A hungry child is a less fussy child, so try and cut out snacks between meals.

If you missed weaning expert and best-selling author Annabel Karmel's webchat, here are some of your questions answered by Annabel.

AK = Annabel Karmel

1. How do I convince my child to try more meat?

My daughter will only eat chicken and sausages. I want her to eat other meats, please help.

Stacey Harrison

AK: I like to put grated apple in my meatballs and burgers. This gives them a nice sweet taste and makes them easier to chew than chunks of meat. Sometimes it is the texture of the meat they don’t like, so you can chop it in a blender for a few seconds, for something like a Bolognese, so it is not lumpy.

2. How can I make my child less fussy?

My two-year-old is terribly fussy and I really struggle with him. He loves things like chilli, spaghetti Bolognese and certain types of pasta with a particular sauce, but won’t really try new things or eat the same as everyone else unless it’s those things! He won’t eat sandwiches so we struggle if out shopping.

Ellie Juckes

AK: Interestingly there was a survey out last week about UK toddlers being the fussiest in Europe. One of the problems is that toddlers tend to snack a lot here, whereas in France, they may just have one snack in the afternoon. A hungry child is a less fussy child so I would try and cut out snacks between meals. I would also ignore bad eating habits but praise your child for eating the tiniest amount of something new. The trouble is sometimes that children get attention for bad eating habits.

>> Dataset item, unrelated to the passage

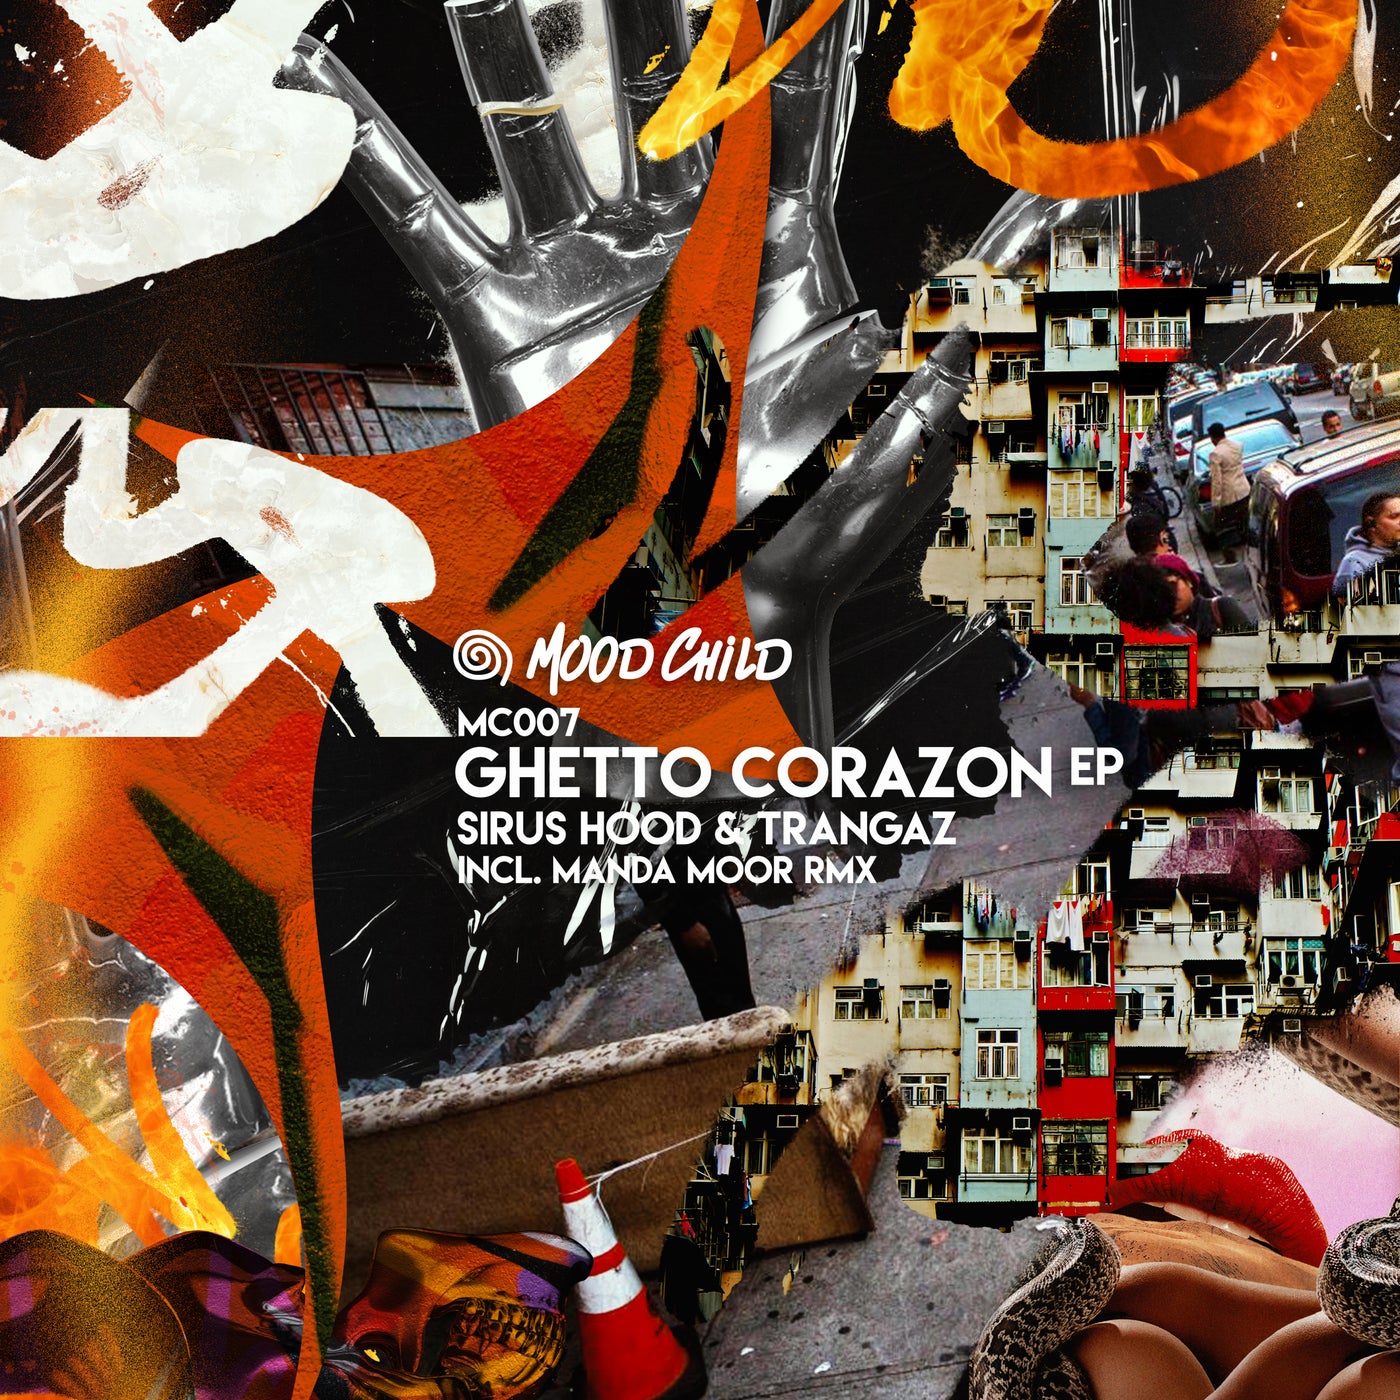 image cover: Sirus Hood, Trangaz - Ghetto Corazon EP on Mood Child

3. My child won’t eat from a spoon, will her diet suffer?

My daughter is almost eight months old and has always refused to be spoon-fed, so I’ve had to go down the baby-led weaning route. How can I ensure she still has a balanced diet, is it possible?

Vicky Gentle

AK: I am in favour of giving babies finger foods but I like to combine them with purées as a baby’s hand-to-eye co-ordination isn't fully developed at that age to feed themselves properly and get the nutrition they need. I would still persevere with trying to feed her with a spoon as well as giving her finger foods. At this age she needs meat, fish and chicken in her diet and in my books you will find some delicious easy-to-prepare recipes for chicken, meat and fish balls.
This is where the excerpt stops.